During Reagan’s second term, Shultz began to weave into his speeches and congressional testimony some material that had little to do with the nitty-gritty of American foreign policy or diplomacy. He would frequently depart from current events for an abstract discussion of the future. He did this so often that reporters who had already heard earlier renditions would roll their eyes.

What Shultz was saying amounted to a version of the set of ideas that eventually became popularized as globalization. What the secretary of state was saying in the late 1980s was strikingly similar to what prominent proponents of globalization—such as, for example, President Bill Clinton or New York Times columnist Thomas Friedman—would assert in the following decade. Shultz spoke regularly about the information revolution, the impact of ever-faster computers and telecommunications, the speed with which money and capital flowed from one country to another, and the ways in which manufacturing could be transferred around the world. “With the advent of ‘real time’ transfers of information, an announcement made in the Rose Garden can be reflected two minutes later in the stock market in Singapore,” Shultz declared in one speech. In another, he said, “The very process of production crosses national boundaries…. It is often difficult to identify what is ‘national’ and what is ‘foreign.’” 1

The talk about globalization dated to the late 1970s, when economists noticed that manufacturing companies were beginning to transfer production from one country to another. In 1983, a business school professor named Theodore Levitt wrote an article for the Harvard Business Review in which he argued that changes in technology allowed companies such as McDonald’s and Coca-Cola to operate throughout the world. He pointed out that consumers everywhere were beginning to use the same standardized products and wear the same clothes, such as blue jeans. Levitt’s article was titled “The Globalization of Markets.” 2

Shultz, an economist by training, had previously been the dean of the University of Chicago’s business school and U.S. secretary of the treasury.
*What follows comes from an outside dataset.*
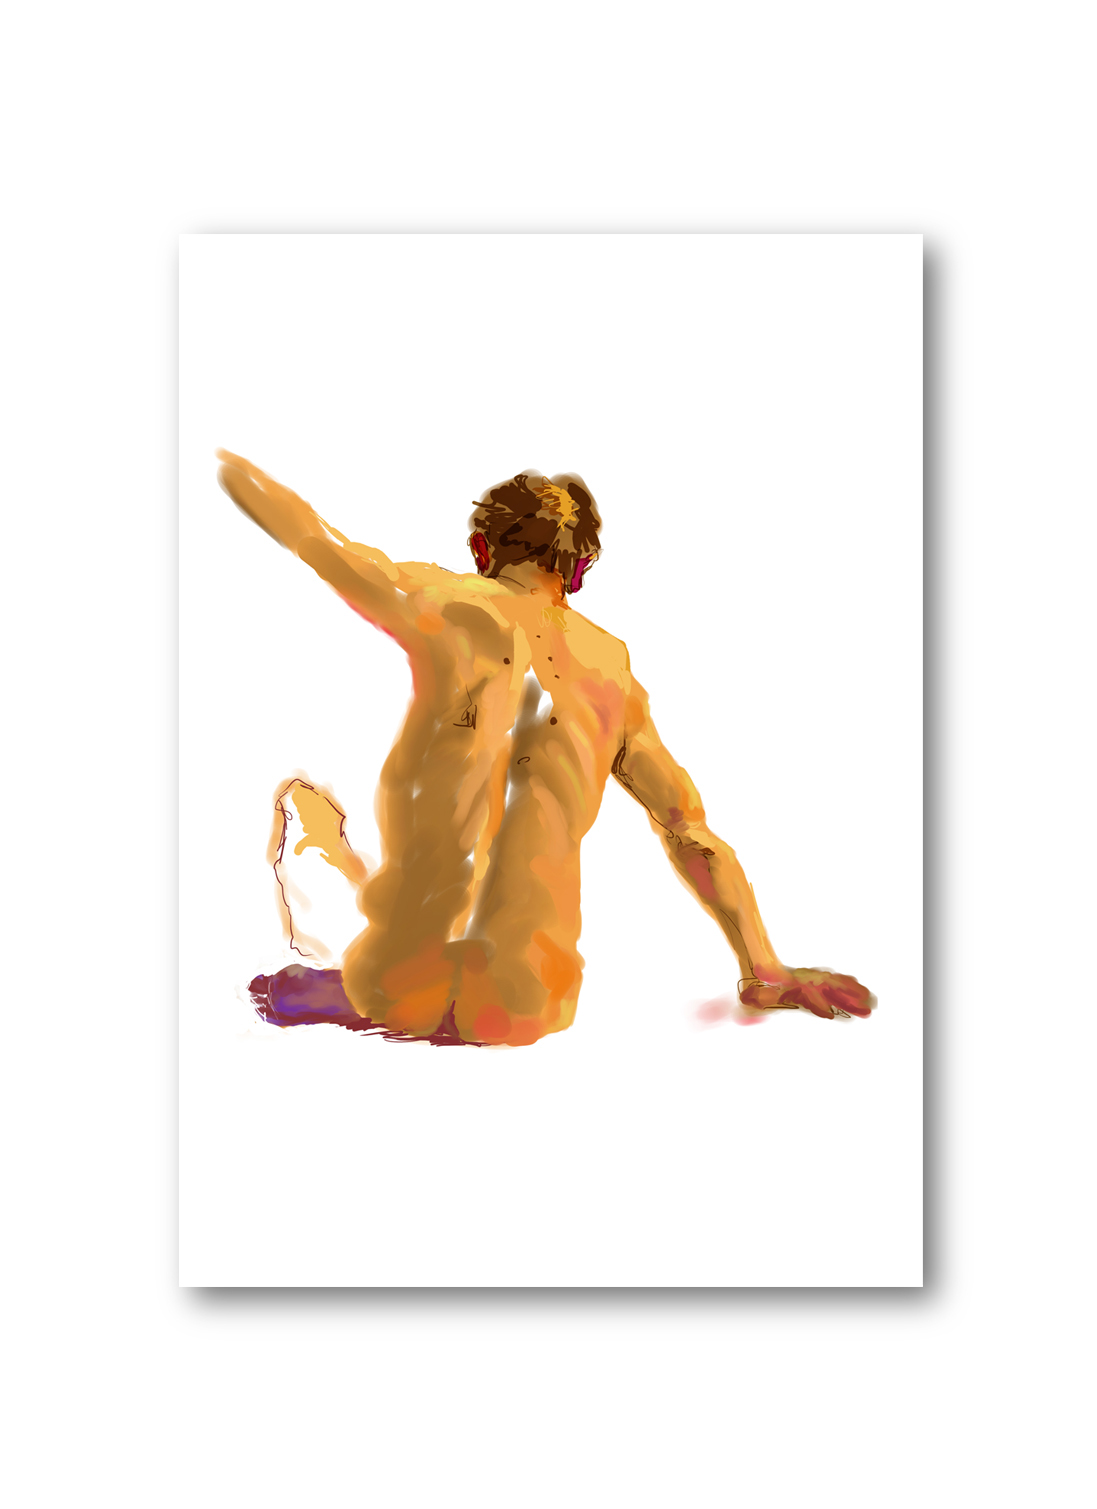 man naked sketches colors old

He didn’t use the word globalization, but simply talked about the information revolution and its impact. He got some of his information and ideas from his friend Walter Wriston, the former chairman of Citibank, who had described how easy it had become to move large sums of money around the world almost instantaneously. Wriston had also begun to talk and write about the larger political changes that would result from the advances in communications and information. A global marketplace meant that even democratic countries would have to adjust to “a wholly new definition of sovereignty,” Wriston wrote. For Communist governments and other closed societies, the impact would be even greater: they would no longer be able to control what their own people saw and heard.